The Group recharges its principal pension schemes with costs of investment management fees. The total amount recharged during the period was £0.1 million (31 March 2020 £0.1 million, 30 September 2020 £0.3 million).

 

ANL, which shares common control by Rothermere Continuation Limited, with DMGT Healthcare Trustees, paid contributions to the scheme totalling £0.5 million (31 March 2020 £0.5 million, 30 September 2020 £0.9 million).
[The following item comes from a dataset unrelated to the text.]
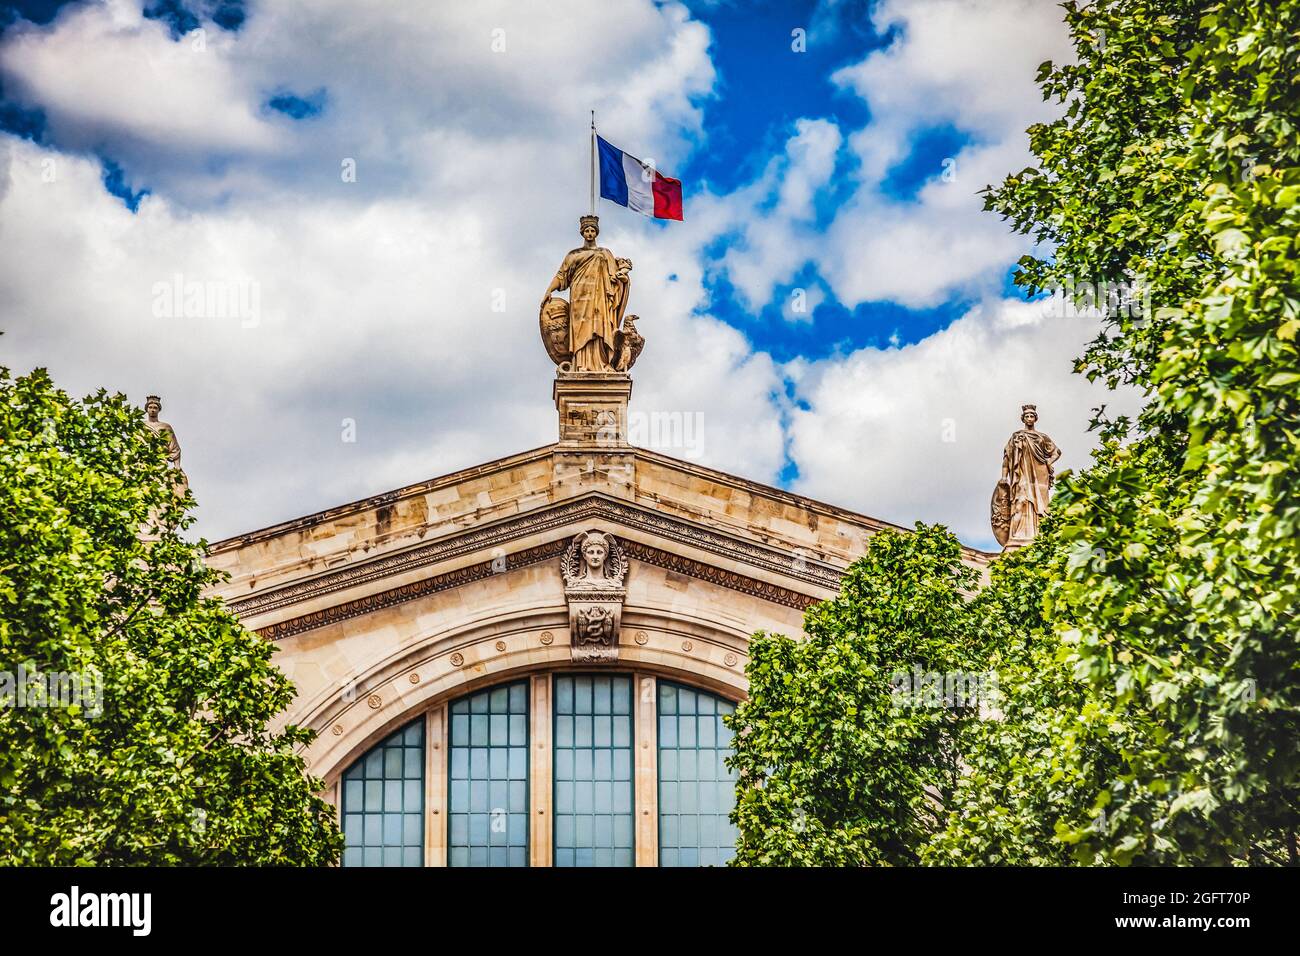 Gare du Nord North Train Station Flag Statue Building Paris France. Built in 1860s, one of six railroad stations in Paris Busiest railway station in E Stock Photo
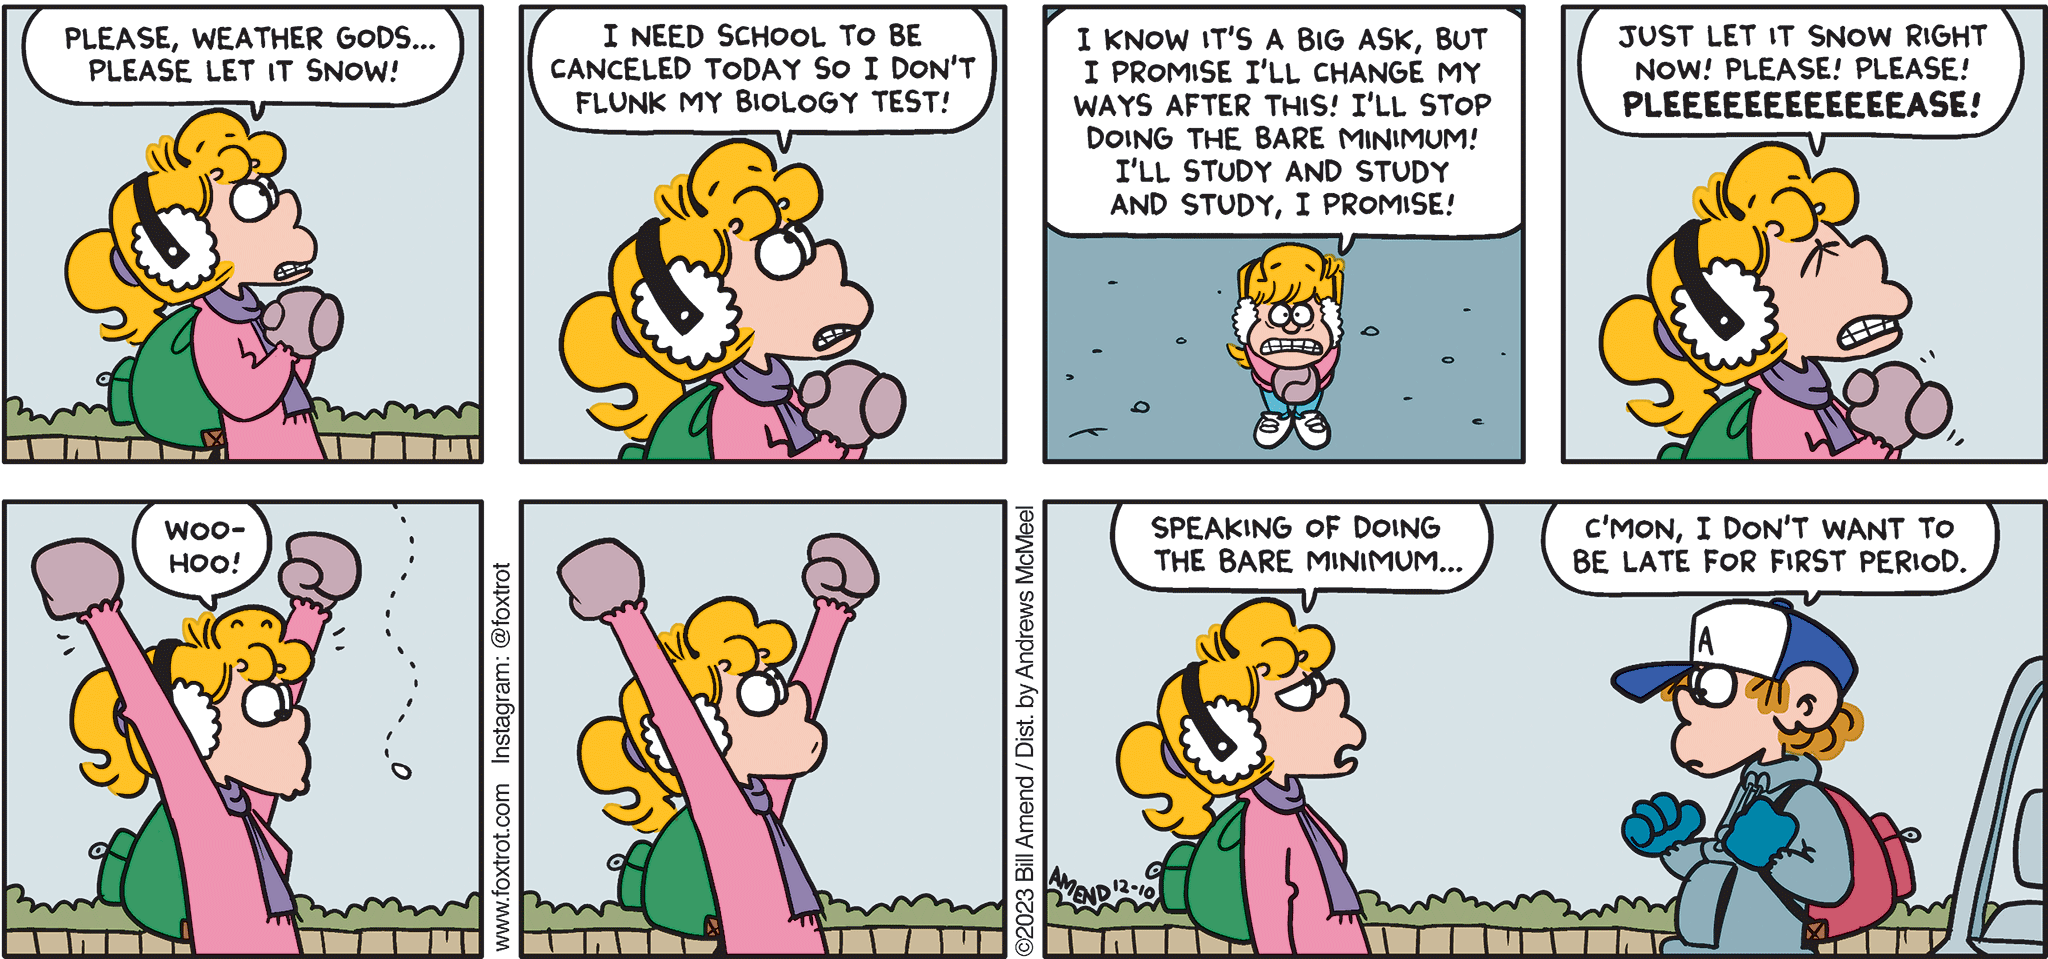 FoxTrot comic strip by Bill Amend - "Let It Snow" published December 10, 2023 - Transcript: Paige Fox: Please, Weather Gods... please let it snow! I need school to be canceled today so I don't flunk my biology test! I know it's a big ask, but I promise I'll change my ways after this! I'll stop doing the bare minimum! I'll study and study and study, I promise! Just let it snow right now! Please! Please! PLEEEEEEEEEASE! Woohoo! Speaking of doing the bare minimum... Peter Fox: C'mon, I don't want to be late for first period.

At 31 March 2021, a total of £1.2 million (31 March 2020 £1.2 million, 30 September 2020 £1.2 million) was owed to the scheme by ANL.

 

 

30 Post balance sheet events

 

Disposals

On 28 April 2021 the Group disposed of Rochford Brady Legal Services Ltd and Lawlink (UK) Ltd in the Property Information segment for cash proceeds of €5.5 million.

 

Acquisitions

On 17 May 2021 the Group acquired a 1.23% equity stake in Zilch Technology Ltd (Zilch) for non-cash consideration of £5.0 million. Zilch operates a buy now pay later app.